Senior Office Aims to Keep County's Over-50 Population Fully Engaged


(Monday, March 24, 2008 4:04 PM EDT)

The Baby Boomers aren't babies anymore, and as they reach their silver years, current services for seniors will have to change to meet their needs. Barbara Karro, manager of Arlington's Office of Senior Adult Programs, is gearing up to meet this challenge in the county.

Many Boomers cringe at being called a senior, and wouldn't be caught dead in a senior center. They “want to be young their whole life,” Karro said in a recent interview.

But as they age, they will have to answer the same questions as have generations before: What do I do with my time now that I'm retired? How do I stay social, now that many of my friends have died and my family lives far away? What is the meaning of my life?

The Office of Senior Adult Programs offers activities and venues for socializing that help answer some of these questions.

“All our programs are to keep [seniors] socially engaged and involved in relevant, meaningful activity,” Karro said. Just like their parents and grandparents, the Boomers will “need to be needed.”

Currently the county's strength-training and Pilates classes and travel opportunities are the draws for the younger set, but many Boomers aren't taking advantage of the many other programs offered for seniors.

Karro has some changes in mind to get more Boomers involved, such as updating senior center facilities and offering guidance on employment and volunteer opportunities that would use the skills they developed during their previous careers.

“People retiring at 60 today are not like their parents were at 60,” she said. “Many people are retiring before they're ready to disengage from the workforce.”

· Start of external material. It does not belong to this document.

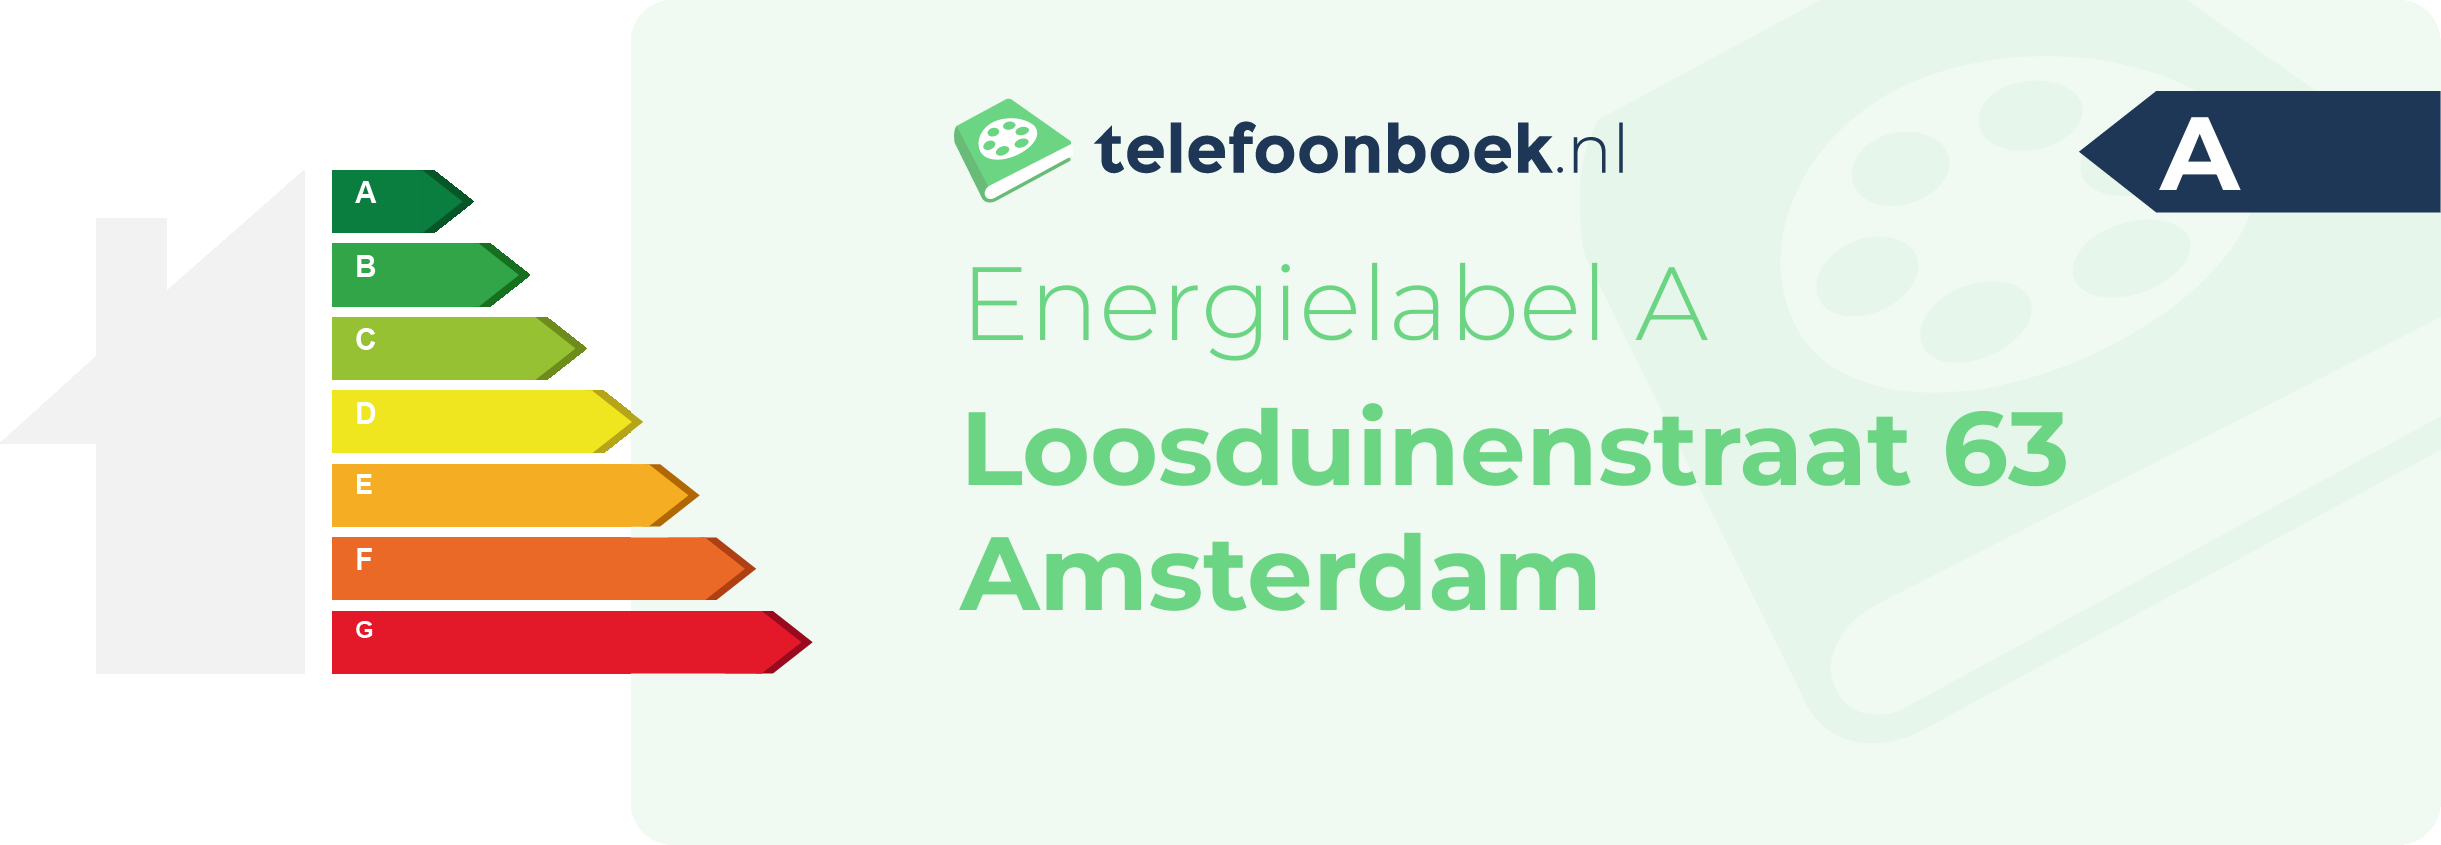 Energielabel Loosduinenstraat 63 Amsterdam

Bringing in peer advisors trained to provide employment counseling and offering seminars like “Flourishing After 50” have been a good start in changing the role of senior centers and programs, but Karro believes society, and the Boomers themselves, have to change their conception of aging to make a real difference.

Karro said she knows seniors who have had a hard time finding meaningful and challenging jobs. Employers have to realize they can use seniors as a resource, and should consider hiring them as consultants on a part-time basis, she said.

“We're a young country that worships youth,” Karro said. “There has to be a more wholesome attitude towards seniors.”

And seniors themselves should try and be more receptive of the idea of aging.

“End of life is scary,” Karro said. “But aging is no longer scary. You do develop limitations, but you learn to work around them.”

Karro hopes that bringing meaningful engagement to Boomers' lives through volunteer and employment opportunities “will create a synergy to break the barrier of their not coming” to senior centers for fear of being considered old, she said.

“My goal is to get people engaged in healthy activities that improve their quality of living,” Karro said. “This is the time of your life!”

Barbara Karro is manager of the Office of Senior Adult Programs for the county government.